### DATA EXCERPTS
____________________
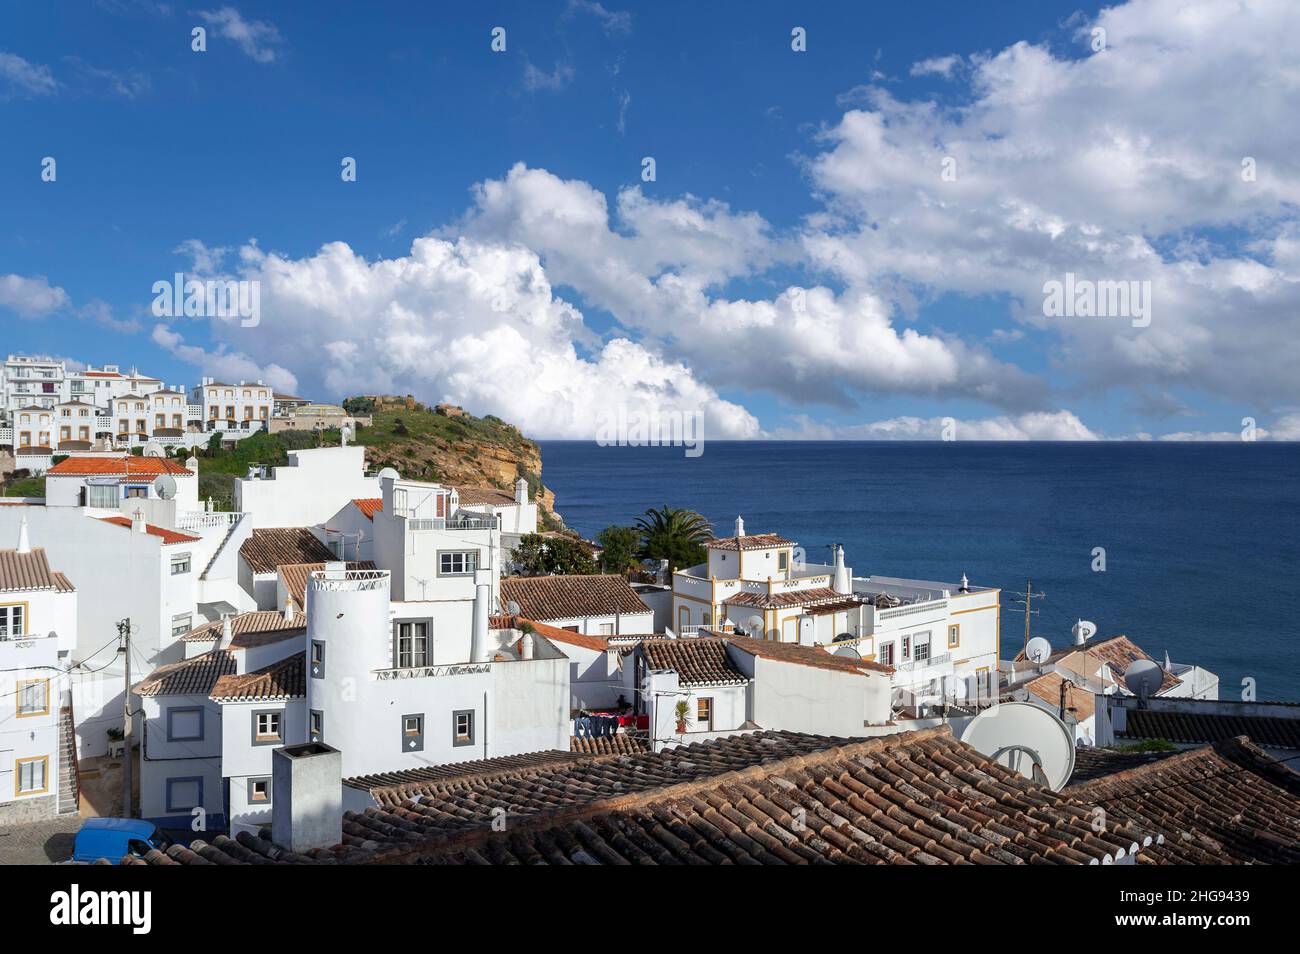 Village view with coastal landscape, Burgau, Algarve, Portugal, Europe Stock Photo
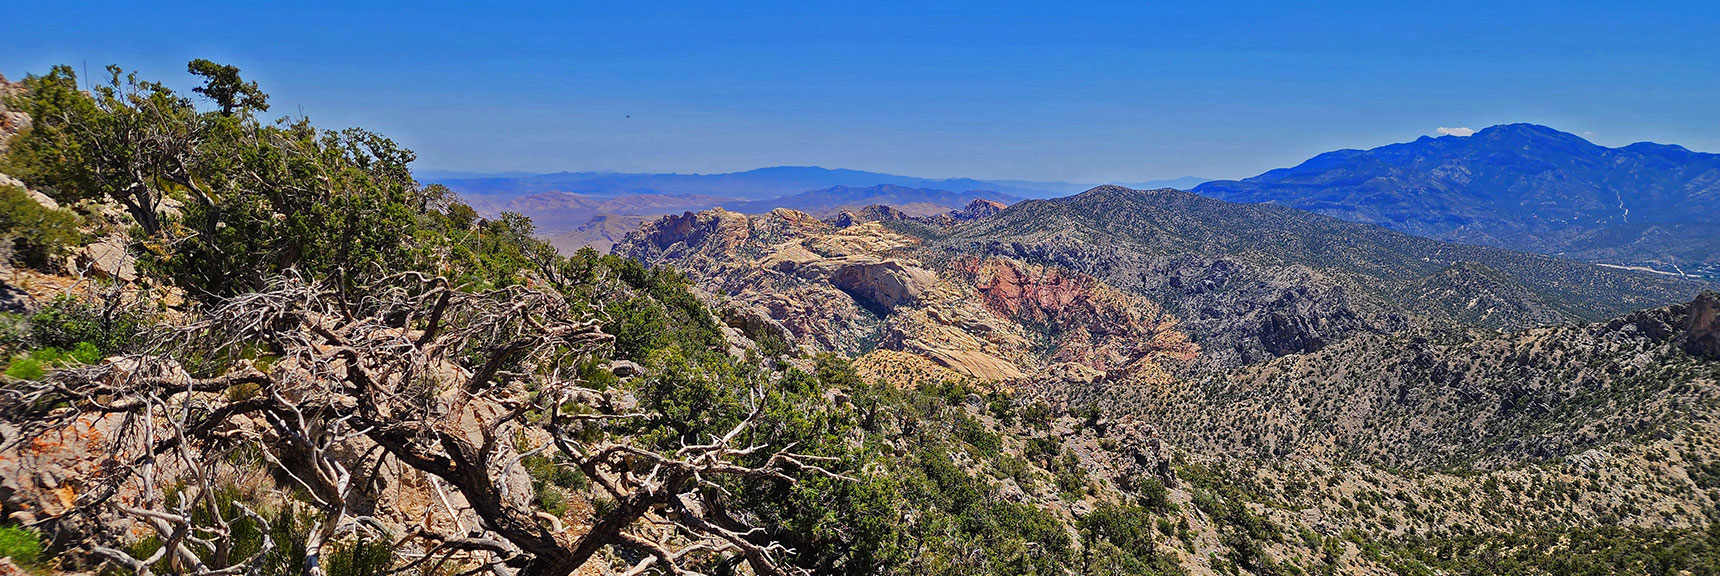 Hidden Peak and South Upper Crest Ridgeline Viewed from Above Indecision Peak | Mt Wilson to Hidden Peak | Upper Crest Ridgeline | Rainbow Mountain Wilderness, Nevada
____________________
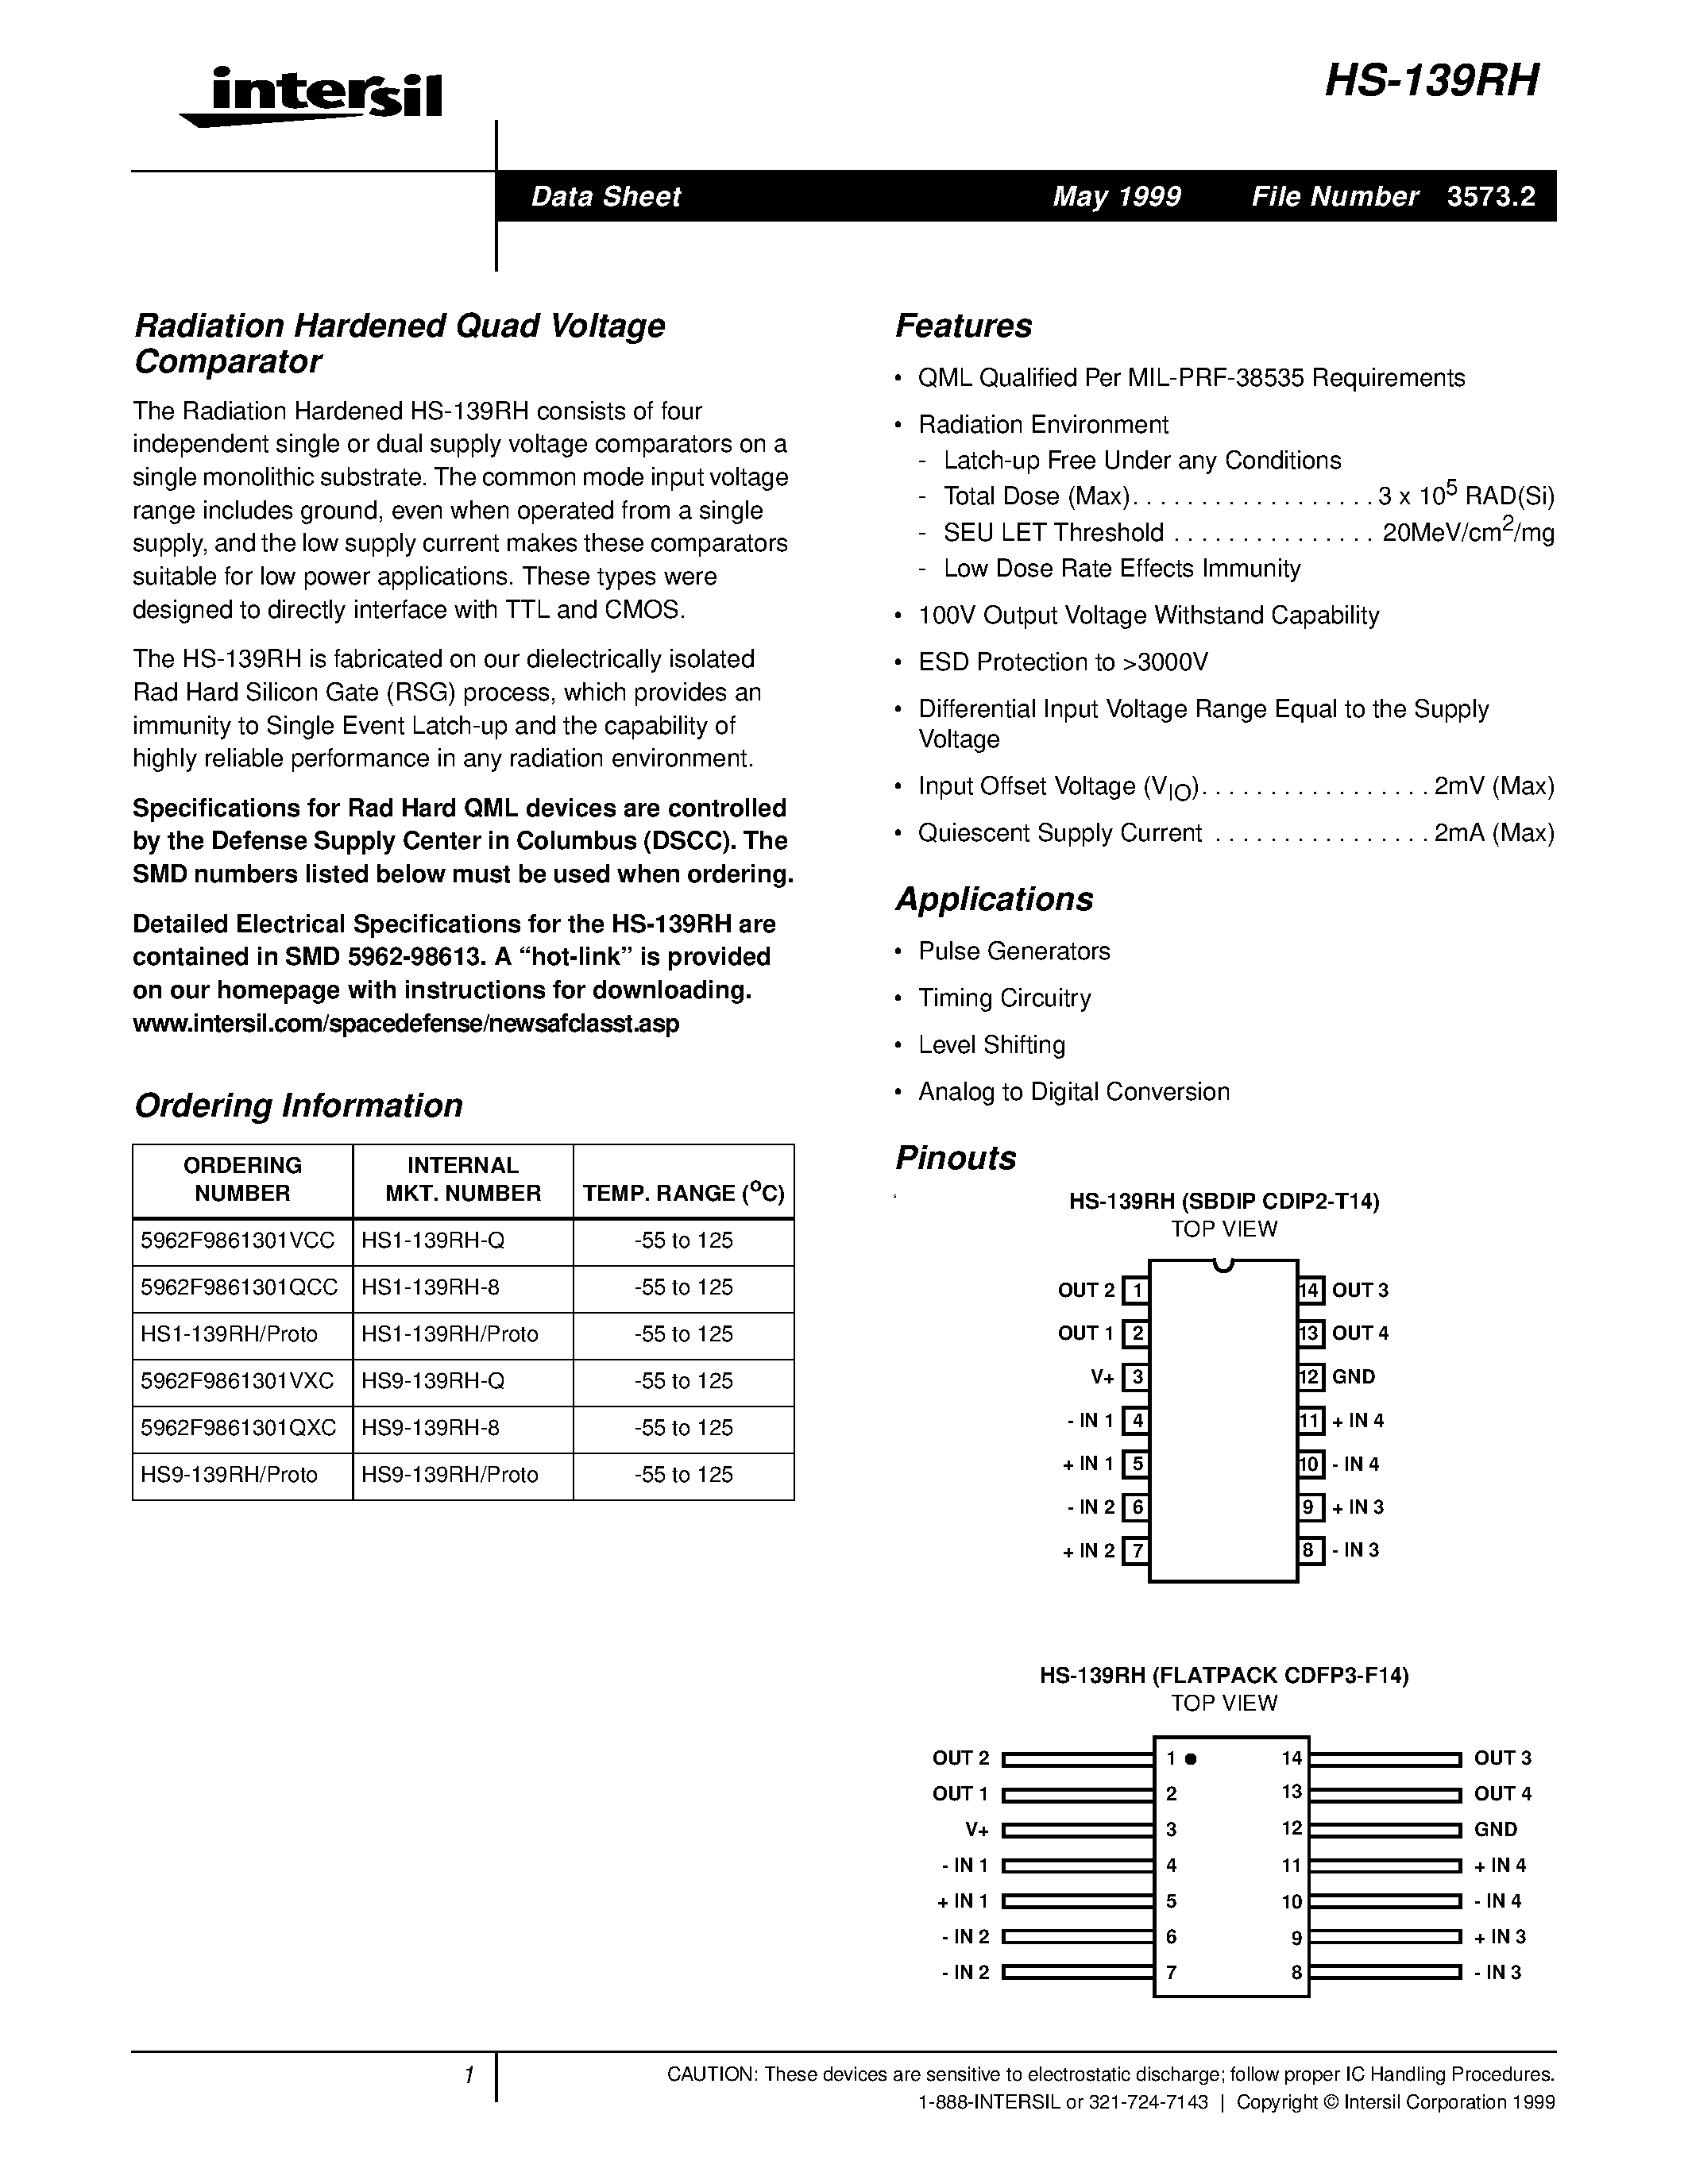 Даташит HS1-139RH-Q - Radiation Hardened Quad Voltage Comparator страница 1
____________________
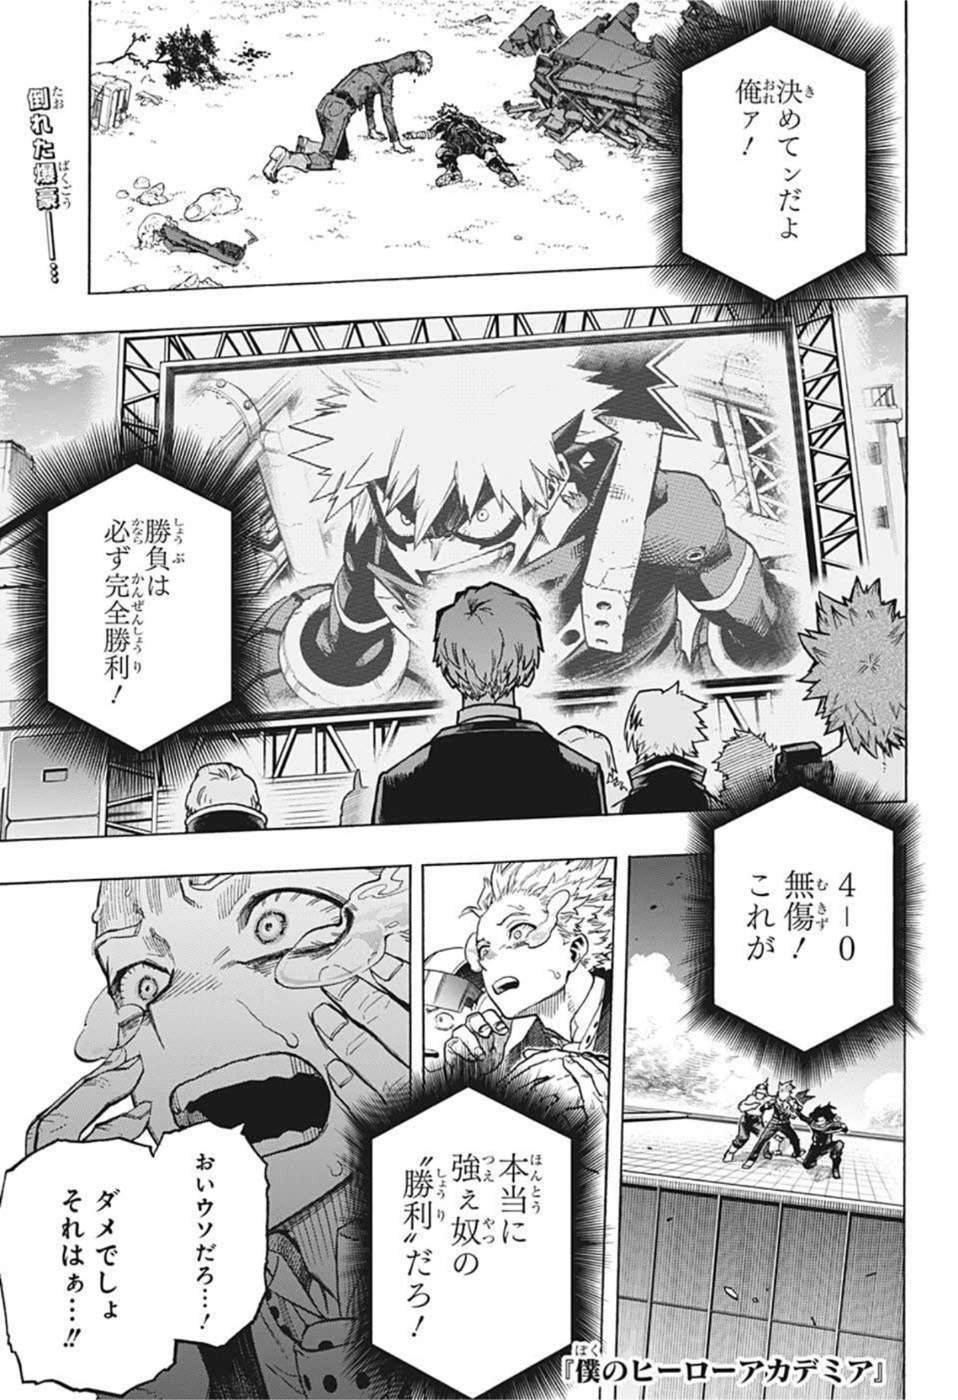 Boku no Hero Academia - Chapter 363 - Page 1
____________________
In the listing above, find the line with "Village view with" and the line with "Hidden Peak and". Copy exactly those lines and all between them, minus the images.

### WRITTEN SOLUTION
 Village view with coastal landscape, Burgau, Algarve, Portugal, Europe Stock Photo
 Hidden Peak and South Upper Crest Ridgeline Viewed from Above Indecision Peak | Mt Wilson to Hidden Peak | Upper Crest Ridgeline | Rainbow Mountain Wilderness, Nevada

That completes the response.